The tests were rolled out on a mass scale in Liverpool, which has a high infection rate, and Dr. Angela Raffle, a consultant in public health and an honorary senior lecturer at the University of Bristol, said, “The infection rate in Liverpool has come down no quicker than in many other places that haven’t got mass testing and we haven’t yet seen a proper evaluation report from Liverpool.”
I read elsewhere else that mass testing alone isn’t a solution. You have to do something useful with the results if testing’s going to bring down the infection rate, and we seem to have missed that part of the plan. Possibly because it involves different sports equipment, which is stuck in the government’s Warehouse of Sports Metaphors. We filed forms that will let us get our hands on it long ago, but they’re still waiting for approval.

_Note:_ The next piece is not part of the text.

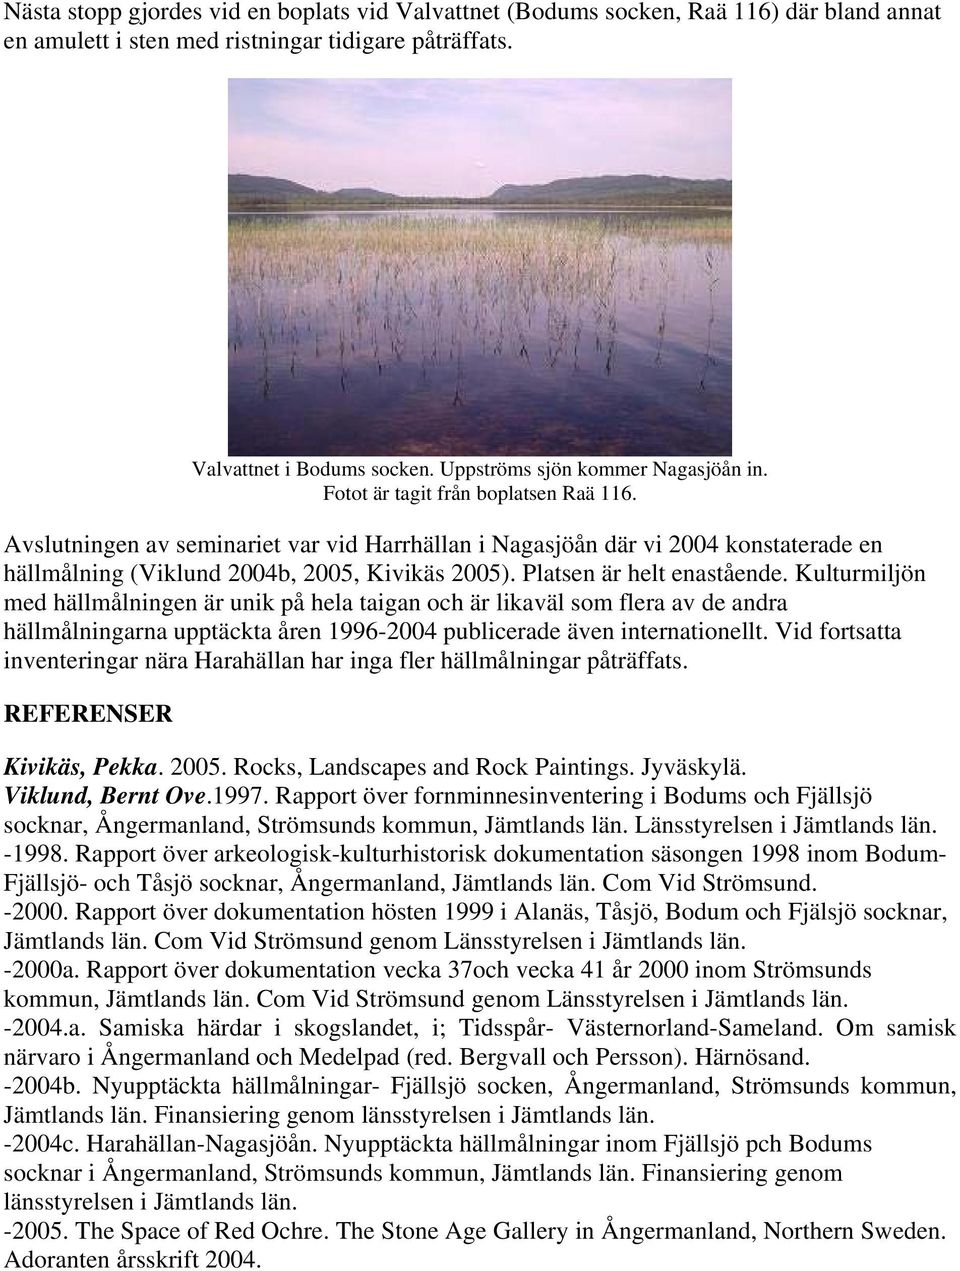 Avslutningen av seminariet var vid Harrhällan i Nagasjöån där vi 2004 konstaterade en hällmålning (Viklund 2004b, 2005, Kivikäs 2005). Platsen är helt enastående.
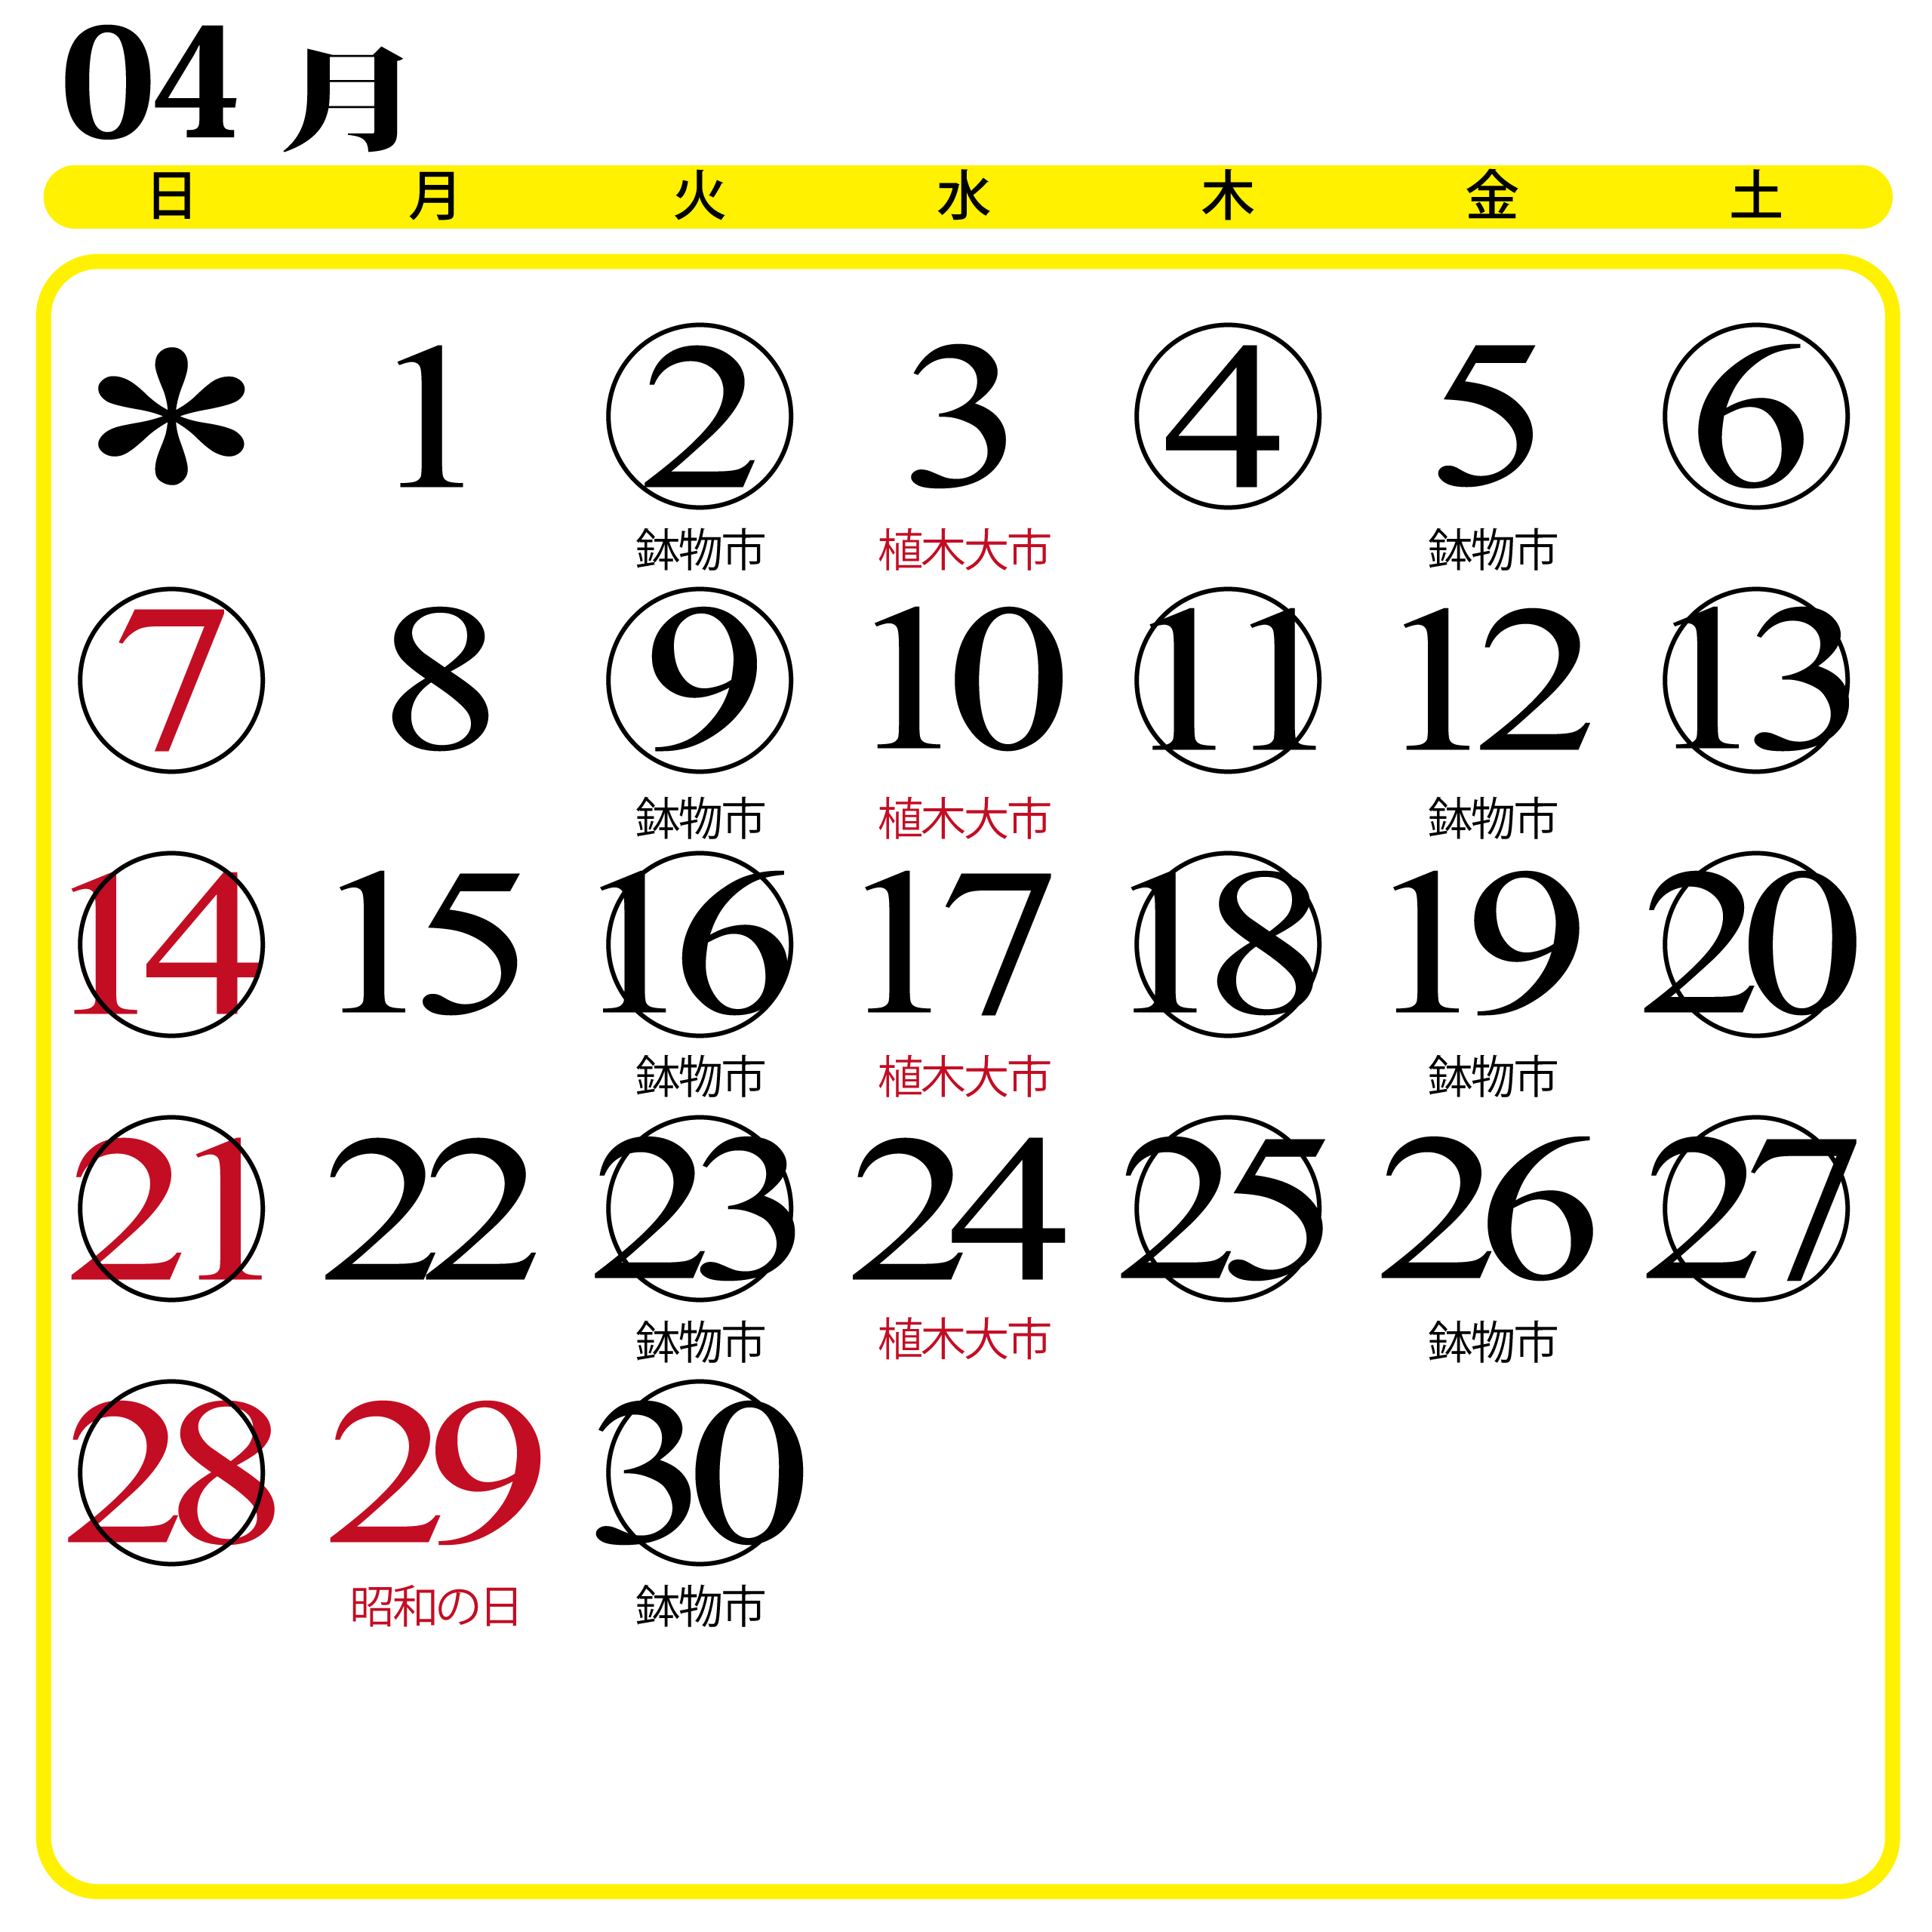 カレンダー画像202304

The NHS test and trace program, which is the key to doing something useful with the test results, usually hits the headlines because it misses some absurd percentage of people (4 out of 10 a month ago, which is–holy shit–almost half), but recently it improved its contact rate.
How’d it do it?
It changed the way it reports its data. I’d love to give you a link on that, but I heard that on the radio and I can’t find the right combination of words to coax the information out of Lord Google. But it was the BBC, and whatever complaints everyone from all sides has about, it isn’t known for making up its facts.
The rapid tests are also being used to allow relatives to visit people in care homes and do what I’m old enough to remember once seemed natural: hug them. But because the rapid tests miss some problematic percentage of infections, the BBC writes that “there has . . . been concern in some parts of the care home sector over the use of the tests, with homes in Greater Manchester reportedly urged not to use them to allow visits.”
Some homes report not having received tests, in spite of a government announcement that everything was in place and reunions were possible. Others say they have the tests but not the training to use them
And there I have to leave you. A masked delivery driver is at the door and I hope he’s brought my sports metaphor delivery.
He’s not on the list of priorities for a vaccination and he’s working on a zero-hours contract.